Exercise 4 - Using parallelism to increase performance

General Information

Motivation

Objectives

Contextualization

To parallelize this activity, the library will be used Openmp that uses #pragma of C compilers to generate parallel code using threads. 3 pragma options will be used. The first option is the #pragma omp parallel, which parallels a code block. See the example below:

#include

Main()
{
#pragma omp parallel
{
puts ("Hello World");
}
}

This code can be compiled correctly on any C compiler but, when compiled with a compiler with OpenMP support, the generated code will use threads to run in parallel. O gcc do not assume OpenMP, in this exercise the Intel C compiler (icc) will have to be used. To use icc, include in the PATH the directory /home/staff/rodolfo/intel/cc/9.0/bin and declare the environment variable LD_LIBRARY_PATH with value /home/staff/rodolfo/intel/cc/9.0/lib.
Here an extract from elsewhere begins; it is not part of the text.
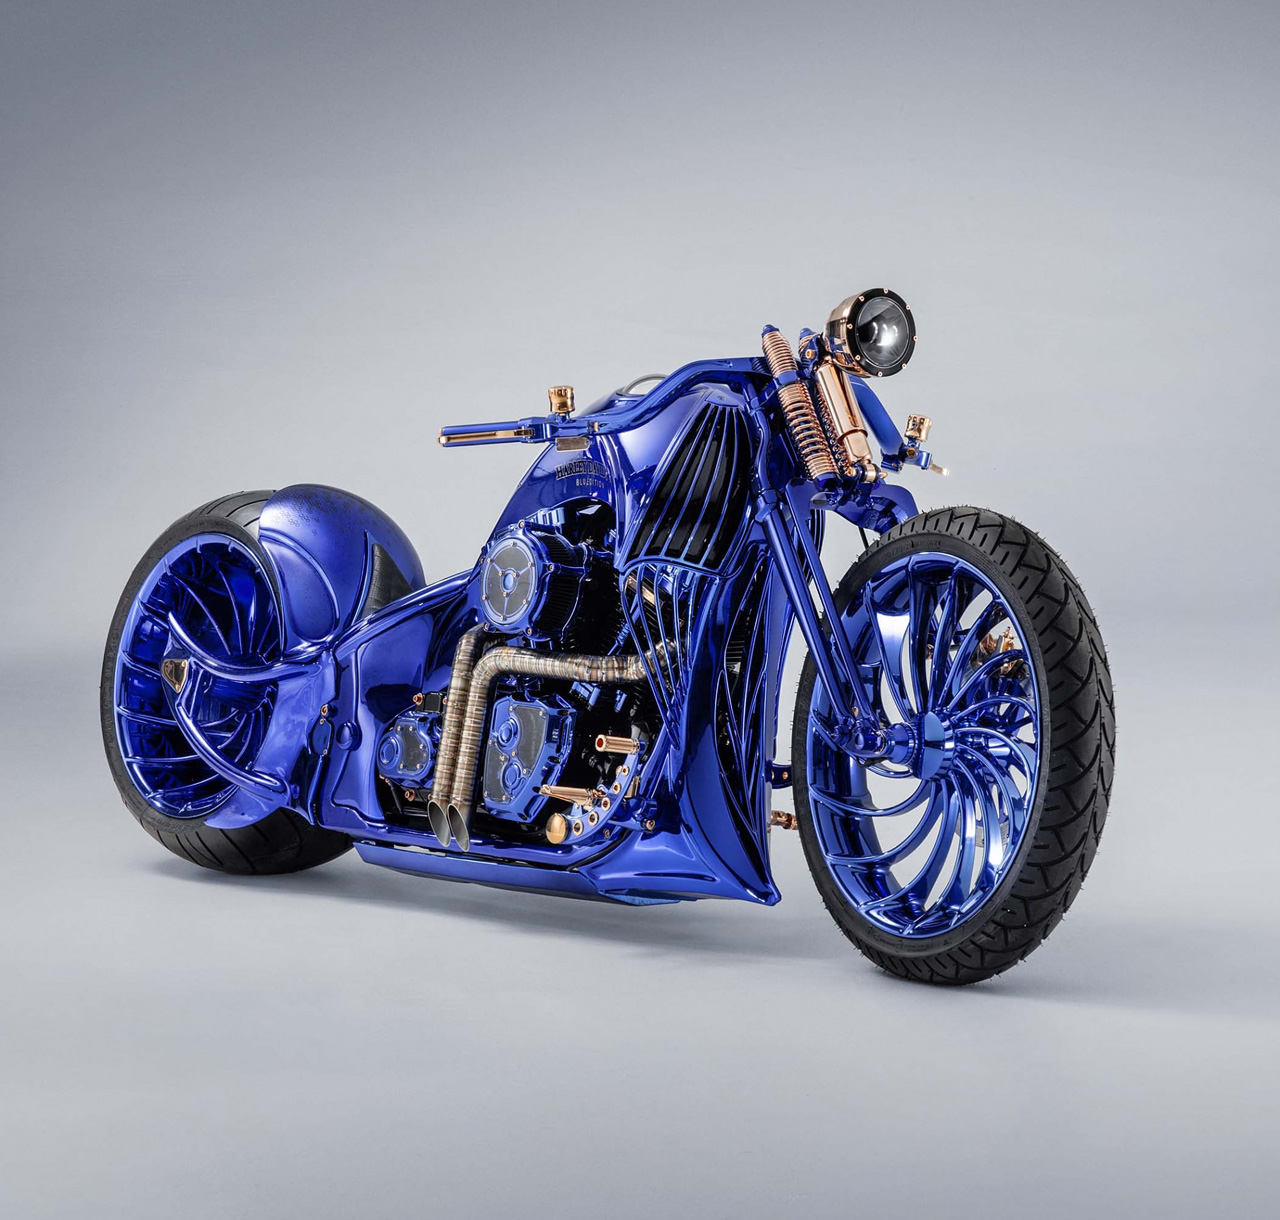 the most costliest bike in the world

Write the above code to the file hello.c and compile it twice, without and with OpenMP:

icc hello.c -o hello
icc hello.c -o hello_openmp -openmp

When running both programs, you will see that the OpenMP version prints a message for each processor (real or virtual) on the computer. The number of threads which will be generated depends on the number of processors available, but can also be specified using the environment variable OMP_NUM_THREADS. Do a test with some options for this variable and see the different answers. Although, in general, one does not want to replicate just the code, the ideal is to divide the workload between the various threads generated. The simple way to do this is to parallelize a for loop with #pragma omp for, placed just before the for (there is an example just below in the activity). The last pragma #pragma omp critical (variable), which defines all access to the specified variable as a critical region. There is also an example in this activity of this construction.

Activity

Activities must be carried out individually in its entirety. Using the program below, compile it and run in um computer in rooms 302 ou 303, using the Intel compiler.

#include

#define MAXIMUM 500
#define REPEATS 10000
float A [MAXIMO] [MAXIMO], B [MAXIMO] [MAXIMO], C [MAXIMO] [MAXIMO];

Main()
{
int i,j,k;

for (i = 0; i <MAXIMUM; i ++)
for (j = 0; j <MAXIMUM; j ++) {
A [i] [j] = i + j;
B [i] [j] = i - j;
C [i] [j] = 0;
}

#pragma omp parallel
{
#pragma omp for
for (k = 0; k <REPEAT; k ++)
for (i = 0; i <MAXIMUM; i ++)
for (j = 0; j <MAXIMUM; j ++) {
A [i] [j] + = 1;
C [i] [j] + = A [i] [j] + B [i] [j];
}
}
}

Compile once with each of the compilation option sets:

  1. -O0
  2. -O1
  3. -O2
  4. -O3
  5. -O3 -xN
  6. -O3 -openmp
  7. -O3 -parallel
  8. -O3 -xN -openmp
  9. -O3 -xN -parallel

The option -xN generates exclusive code for Pentium 4, the option -openmp uses OpenMP pragmas to generate parallel code and option -parallel tries to automatically parallelize the code (without using OpenMP pragmas). Run the generated programs, note the time and comment on the report, indicating what were the influences on the execution in each case.

#include
#include

#define LIMIT 5000000

int cousin (int number)
{
int root, factor;

root = (int) sqrt ((double) number);

for (factor = 2; factor <= root; factor ++)
if (number% factor == 0)
0 return;

1 return;
}


int main ()
{

int quantity = 0, number;

#pragma omp parallel for schedule (static, 8)
for (number = 2; number <LIMIT; number ++) {
int p = prime (number);
#pragma omp critical (quantity)
amount + = p;
}

printf ("Total prime numbers up to% d:% d \ n", LIMIT, quantity);
}

Measuring performance compiling with and without the option -openmp. Make a variation of the code by removing the part schedule (static, 8) and compare the performance of the 3 runs. What schedule (static, 8) does? Refer to the OpenMP manual.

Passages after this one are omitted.